En marge des projections du festival international du court métrage à Clermont-Ferrand, une vingtaine d’acteurs du secteur – venus de République tchèque, de Grèce, de Suède, de Belgique ou encore de Croatie – ont participé à un atelier consacré à l’évaluation des risques et à la promotion de la santé et de la sécurité au travail sur les tournages.
Les échanges ont mis en lumière des situations contrastées en Europe. « Chez nous, la plupart des producteurs semblent ignorer ce que sont les risques professionnels, regrette Miroslav Vlček, représentant d’une plate-forme tchèque pour la production audiovisuelle durable. Le seul moment où ces questions sont abordées sérieusement, c’est lors de coproductions avec des équipes françaises, qui ont intégré l’obligation de prévenir les risques sur un tournage. »
L'organisation française de la prévention : un modèle
En Grèce, la fragilisation du secteur depuis la crise de 2008 continue de peser sur les conditions de travail. « La loi impose la présence d’un responsable sécurité sur les tournages, explique Dimitra Zigkaris, scénographe et membre du syndicat grec des techniciens de l’audiovisuel. Mais il n’existe ni formation spécifique ni certification. Il arrive ainsi qu’un responsable sécurité, issu du BTP, intervienne sur un plateau, sans connaissance des risques propres à nos métiers. »
Face à ces constats, l’organisation française de la prévention dans l’audiovisuel apparaît comme un modèle. Le secteur dispose en effet de deux commissions paritaires dédiées : le CCHSCT Cinéma et le CCHSCT Audiovisuel, réunissant représentants des employeurs et des salariés. « La prévention des risques fait l’objet d’un consensus, ce qui a permis des avancées notables ces dernières années », souligne Yoann Goujon, acteur et représentant CGT du syndicat français des artistes interprètes.
Les travaux ont notamment porté sur les violences sexuelles et sexistes (VSS), avec l’élaboration d’un guide de prévention et la définition du rôle de coordinateur d’intimité.
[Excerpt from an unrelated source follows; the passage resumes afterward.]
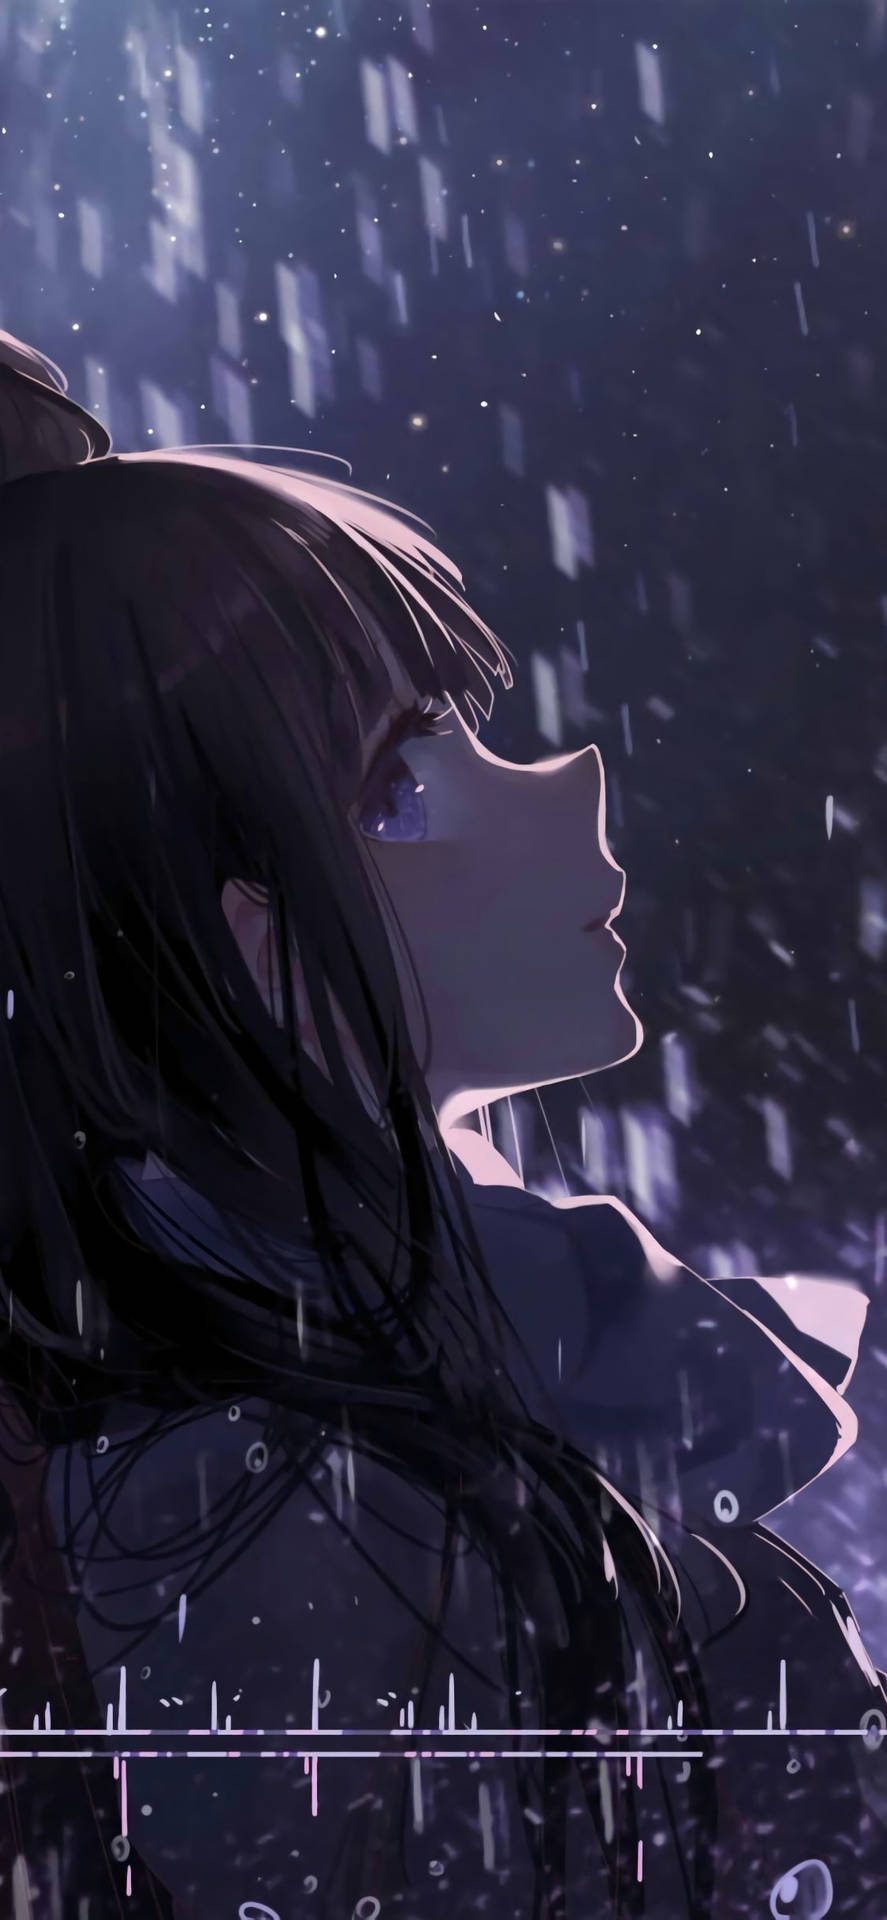 Sad Anime Girl Pouring Rain Background

Depuis 2025, toute personne travaillant sur un long métrage doit suivre une formation de sensibilisation aux VSS.
La protection des mineurs a également été renforcée : limitation accrue du temps de travail des enfants acteurs et obligation de recourir à un responsable enfant spécifiquement formé. Autre spécificité française présentée lors de l’atelier : le document unique d’évaluation des risques professionnels (DUERP), pierre angulaire de la démarche de prévention. « Structurer la prévention à travers un outil comme le DUERP nous permettrait d’avancer, réagit Miroslav Vlček. Les demandes des équipes, notamment relatives aux coordinateurs d’intimité, poussent déjà les producteurs à faire évoluer leurs pratiques. »
L’atelier a également été l’occasion de présenter OiRA (Online interactive Risk Assessment), un outil numérique créé par l’INRS, en lien avec les CCHSCT du secteur, pour accompagner les entreprises dans l’évaluation de leurs risques professionnels et l’élaboration d’un plan d’action. Il est disponible en libre-service directement en ligne.
OiRA, un levier français puis européen
« Il existe un OiRA européen en anglais, que l’on retrouve sur le site de l’EU-Osha, dédié aux productions audiovisuelles et actuellement en cours de mise à jour pour mieux intégrer certains risques, comme les VSS », indique Daphné Tepper, directrice politique de la branche médias, divertissements et arts à la fédération syndicale UNI Europa. Plusieurs pays l’ont décliné au niveau national afin de l’adapter à leur cadre réglementaire.
La France s’est engagée dans cette voie. « Nous avons limité le nombre de modules à sept, afin de proposer une démarche simplifiée, précise Olivier Le Berre, responsable du programme TPE à l’INRS. Nous avons également choisi de ne pas multiplier les rappels réglementaires pour recentrer l’utilisateur sur l’identification des risques et la construction d’un plan d’action. »
Testé en séance par les participants, l’outil a suscité un vif intérêt. Plusieurs représentants nationaux se sont interrogés sur les modalités de déploiement d’une version adaptée à leur pays. Preuve que, dans un secteur marqué par la mobilité des équipes et la diversité des statuts, la structuration de la prévention constitue désormais un enjeu partagé à l’échelle européenne.